8. Toss / donate box
Keep a box or bag in a storage area to collect items to donate. As you see an item you do not want or use it to take immediate donation box. Do not let unwanted or unused objects occupy a valuable space waiting for a periodic dig-out. Place small items in the trash and largest in a storage area for trash pick-up days.
GENERAL CONCLUSION AND RECOMANDATION:
Life can be a balancing act for any adult, but if you find yourself constantly late, disorganized, forgetful, and overwhelmed by your responsibilities, you may have ADD/ADHD. Attention deficit disorder affects many adults, and its wide variety of frustrating symptoms can hinder everything from your relationships to your career. But help is available—and learning about ADD/ADHD is the first step. Once you understand the challenges, you can learn to compensate for areas of weakness and start taking advantage of your strengths.
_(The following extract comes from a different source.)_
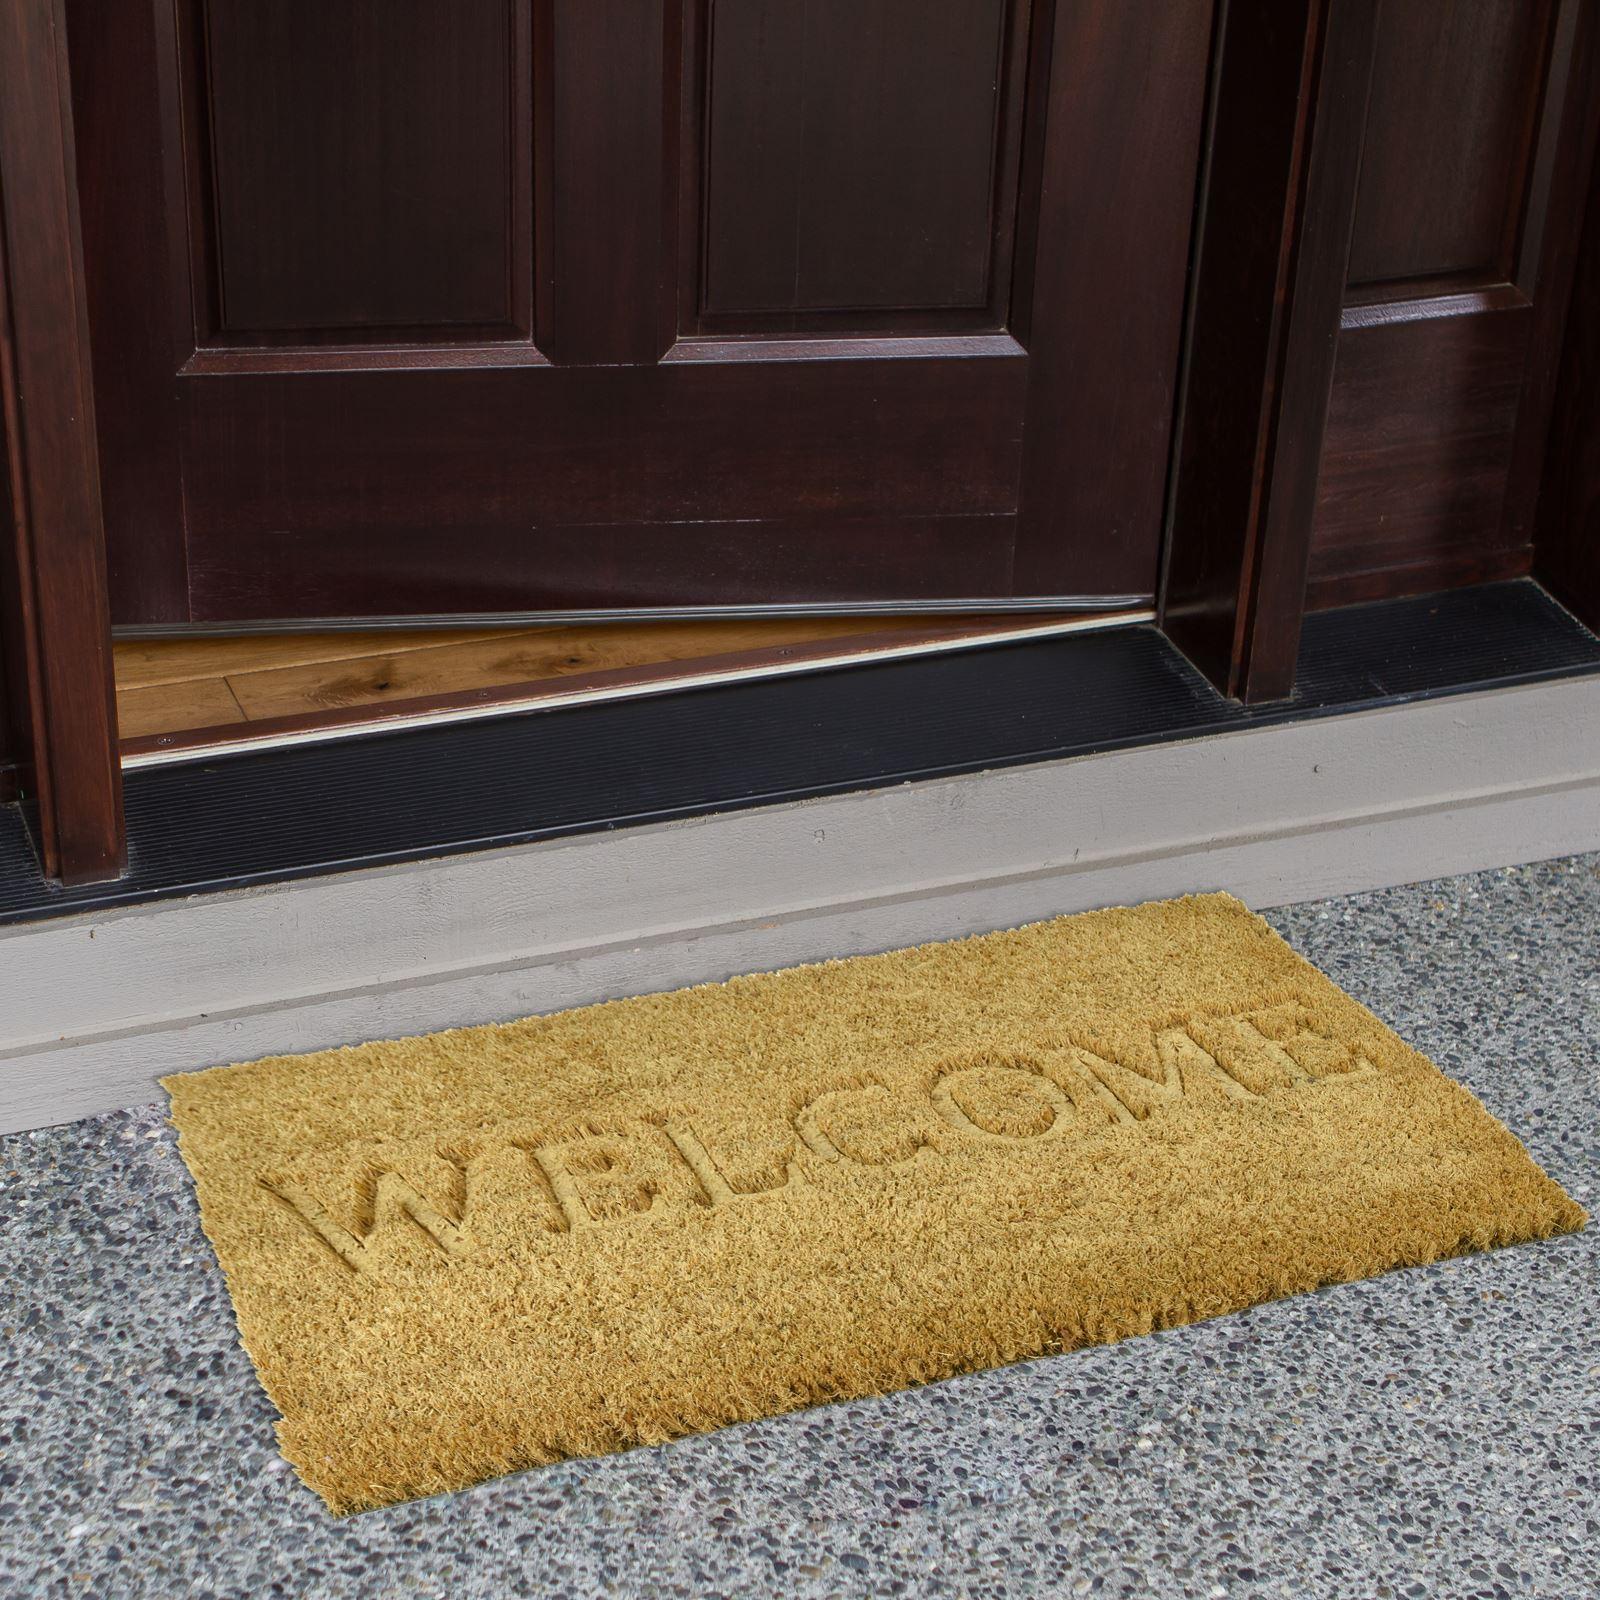 Plain-Non-Slip-Door-Mat-Tough-Natural-Coir-PVC-Back-Welcome-Doormat-40-x-60cm miniatura 41

Adults with ADD/ADHD often have difficulty staying focused and attending to daily, mundane tasks.
Many adults with ADD/ADHD have a hard time managing their feelings, especially when it comes to emotions like anger or frustration.
Hyperactivity in adults with ADD/ADHD can look the same as it does in kids.
Adults with ADD/ADHD are much less likely to be hyperactive than their younger counterparts. Only a small slice of adults with ADD/ADHD, in fact, suffer from prominent symptoms of hyperactivity. Remember that names can be deceiving and you may very well have ADD/ADHD if you have one or more of the symptoms above—even if you lack hyperactivity.
Untreated ADD/ADHD has wide-reaching effects. ADD/ADHD that is undiagnosed and untreated can cause problems in virtually every area of your life.
Armed with an understanding of ADD/ADHD’s challenges and the help of structured strategies, you can make real changes in your life. Many adults with attention deficit disorder have found meaningful ways to manage their symptoms, take advantage of their gifts, and lead productive and satisfying lives.
Adults with ADD/ADHD can benefit from a number of treatments, including behavioral coaching, individual therapy, self-help groups, vocational counseling, educational assistance, and medication.
Treatment for adults with attention deficit disorder, like treatment for kids, should involve a team of professionals, along with the person’s family members and spouse.